The genus Troglophilus has a geographic distribution limited to the eastern Mediterranean. The distribution of the genus Dolichopoda is wider, from the Pyrenees to the Caucasus, and only partially overlaps that of Troglophilus (Baccetti 1982). A common oriental origin was postulated for both genera, with a hypothetical center of dispersal in the former Aegean plate (Jeannel 1947, Ruffo 1955). The great number of Dolichopoda and Troglophilus species presently occurring in Italy and Greece seems to confirm this hypothesis. In this context, the Anatolian rhaphidophorids, including D. noctivaga and T. tatyanae from the Pontic area, as well as the transCaucasian D. euxina and D. hyrcana, can be considered descendants of an old lineage that has colonized the northeastern portion of the Aegean plate. In the Oligocene and Upper Miocene this tectonic plate, (Steininger & Rogl 1984), formed a large part of Anatolia and gave rise to many taxa of present-day Turkish fauna

A recent phylogenetic reconstruction based on molecular data (Allegrucci et al. 2006) strongly supports this hypothesis, suggesting a more ancient origin of the Anatolian-Caucasian Dolichopoda species, compared to the western species of the genus.
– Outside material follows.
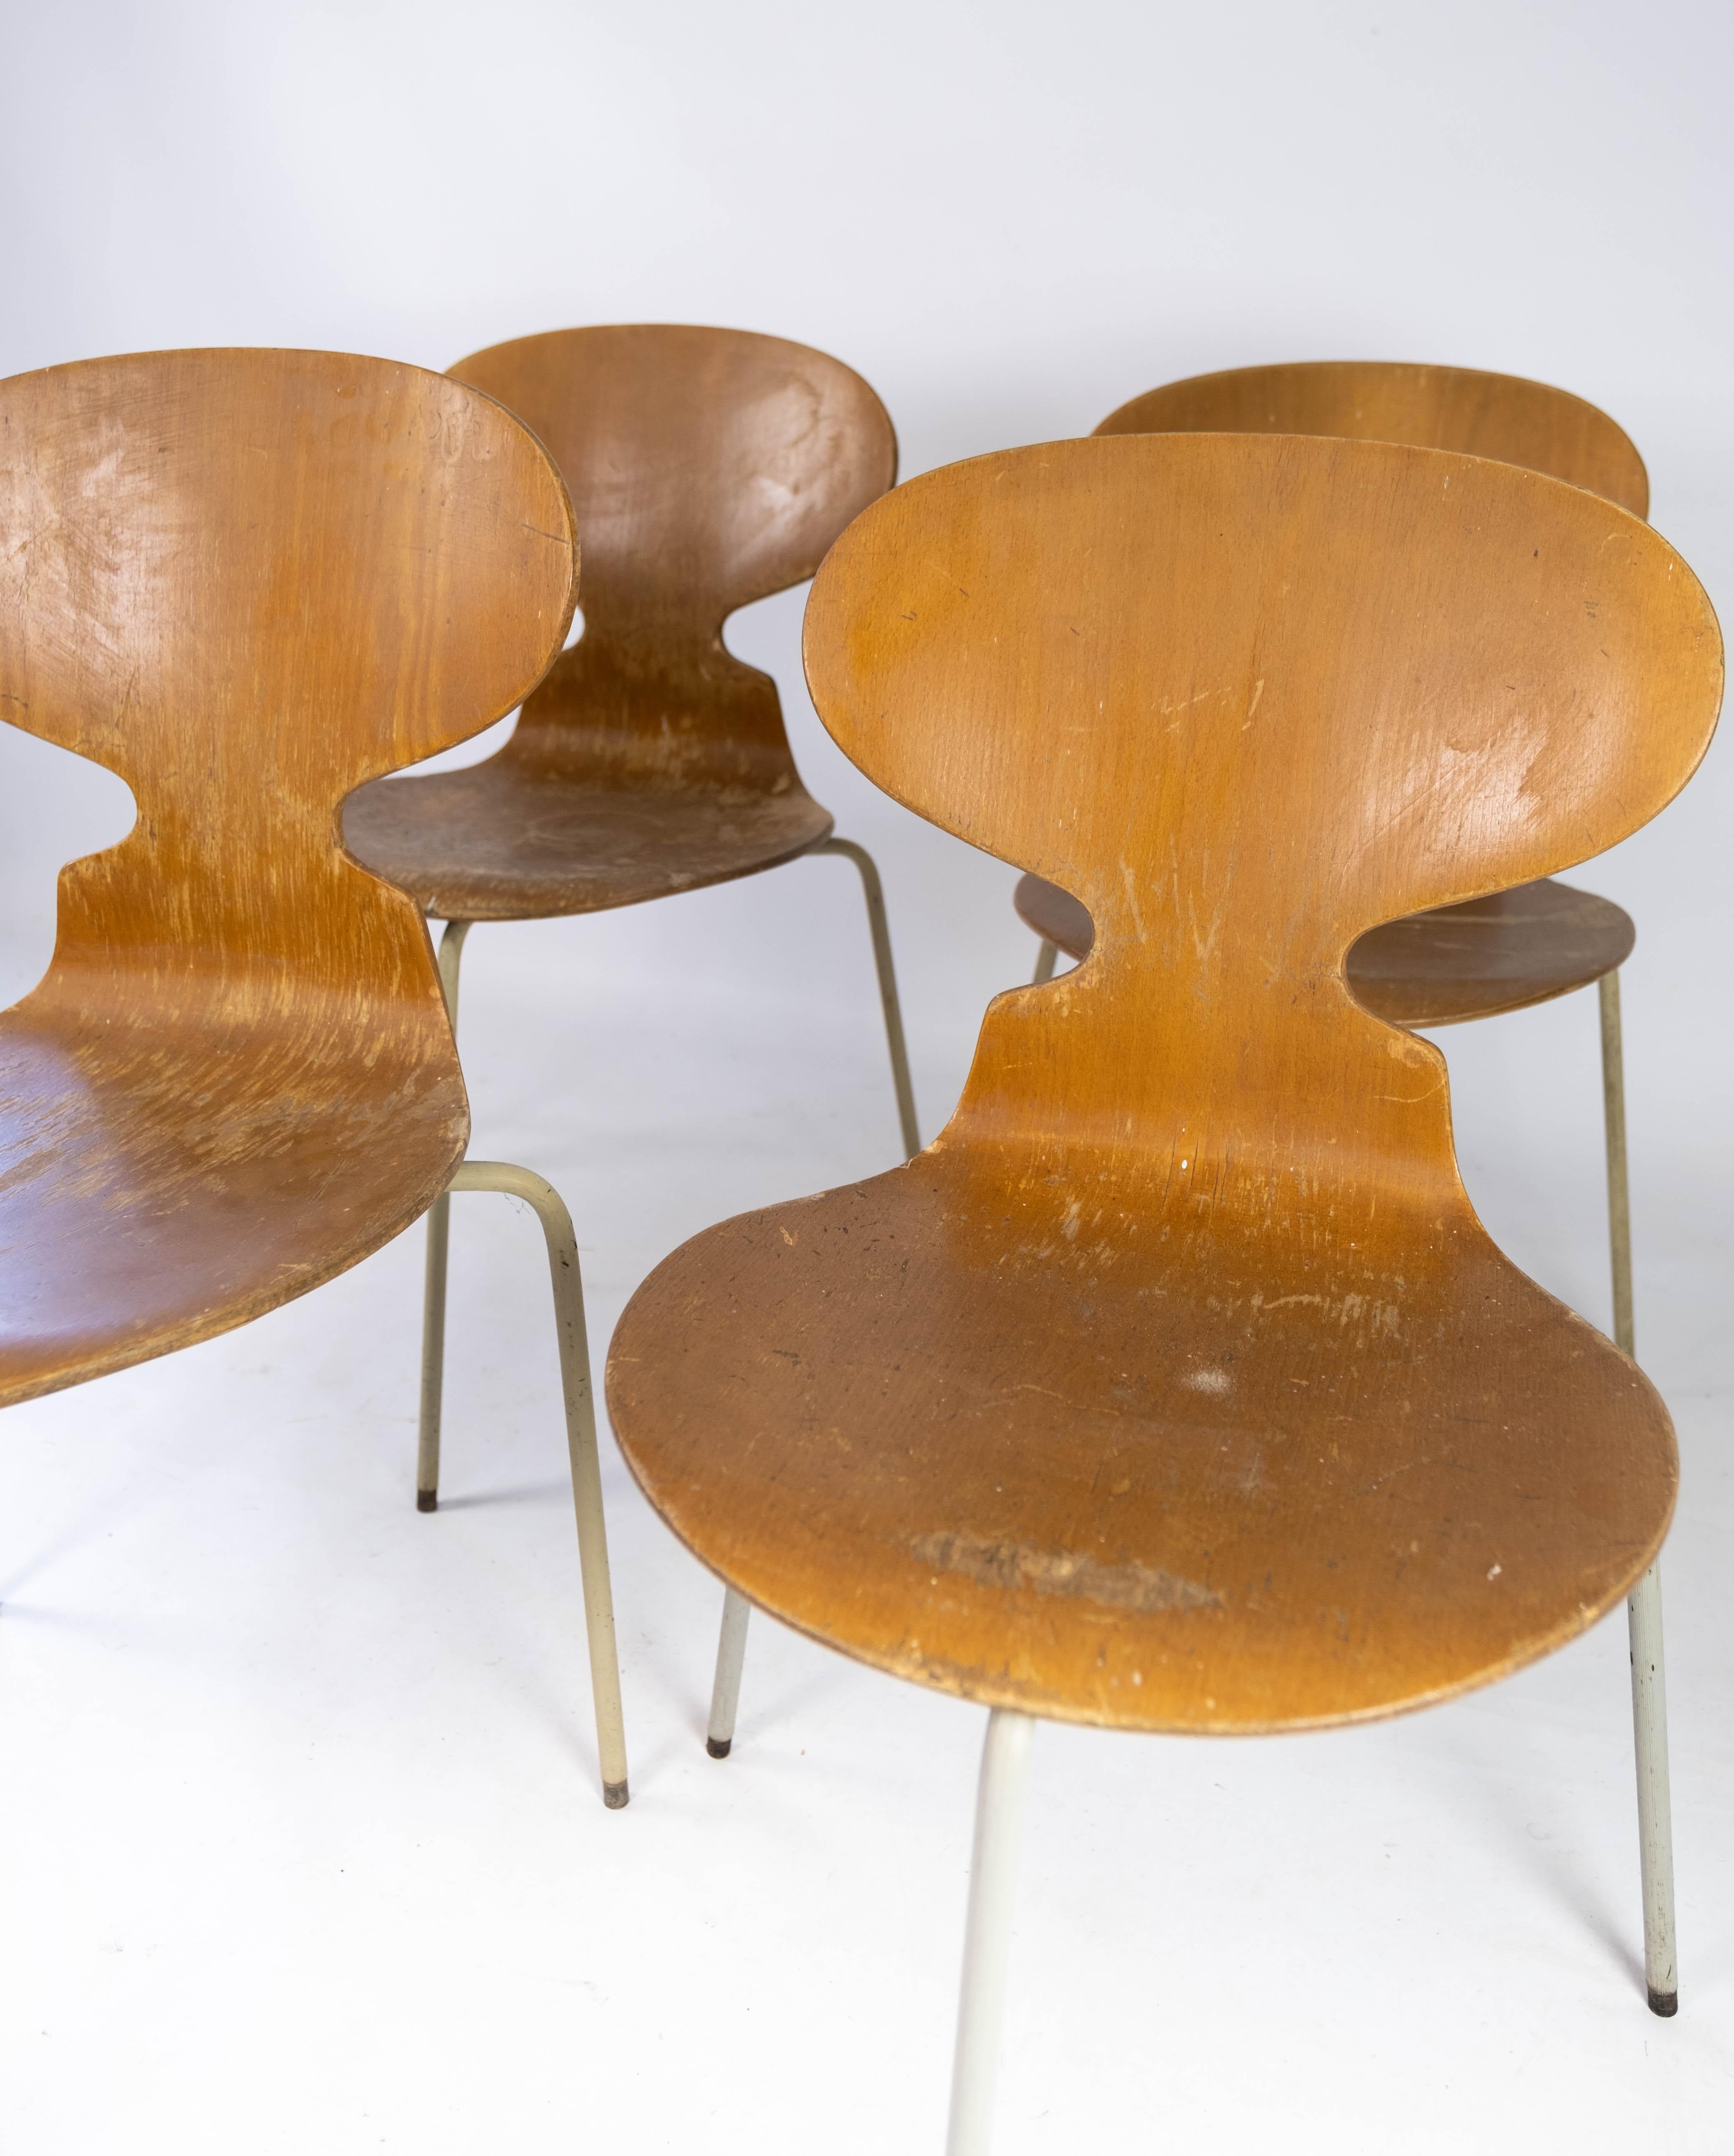 Scandinavian Modern Set of Four Ant Chairs, Model 3101, in Light Wood, by Arne Jacobsen, 1950s For Sale

In that study D. euxina and D. sbordonii are separated by a divergence time ranging from 5.9 to 6.7 Mya. These estimates are consistent with a Miocene vicariance scenario based on the split of Anatolian and Caucasian areas from the Aegean plate (La Greca 1999, Ciplak 2004). Subsequently the south Aegean rhaphidophorid stocks gave rise to numerous endemic species while spreading northwards across the western portion of the Paleo-Mediterranean regions.

The epiphallus morphology shared between Anatolian and Caucasian species of Dolichopoda, appears in good agreement with this proposed scenario as well as with the early separation of these groups of species — the eastern from the western ones. The latter have a common morphology of the epiphallus which is elongated and apically acuminate. Similarly a molecular study conducted on several species of the Troglophilus genus (Ketmaier et al. 2006) supports an Aegean origin of the group, which probably dates back to the early Miocene. The major speciation events are apparently linked to the main tectonic events that affected the east-Mediterranean area from the middle Miocene to the Pliocene. T. tatyanae and all the other species from Asia Minor share a lack of extensions on the tenth male tergite. This is in partial agreement with the molecular data, which support an early separation of most of the Anatolian species from the western ones. However this morphological feature also occurs in two species presently confined to the Aegean insular area (i.e., T. spinulosus from Crete and T. marinae from Santorini island). This could be explained by land connections between the former Hellenic arc and Anatolia, which probably occurred repeatedly during the late Miocene and Pliocene (Ciplak 2004).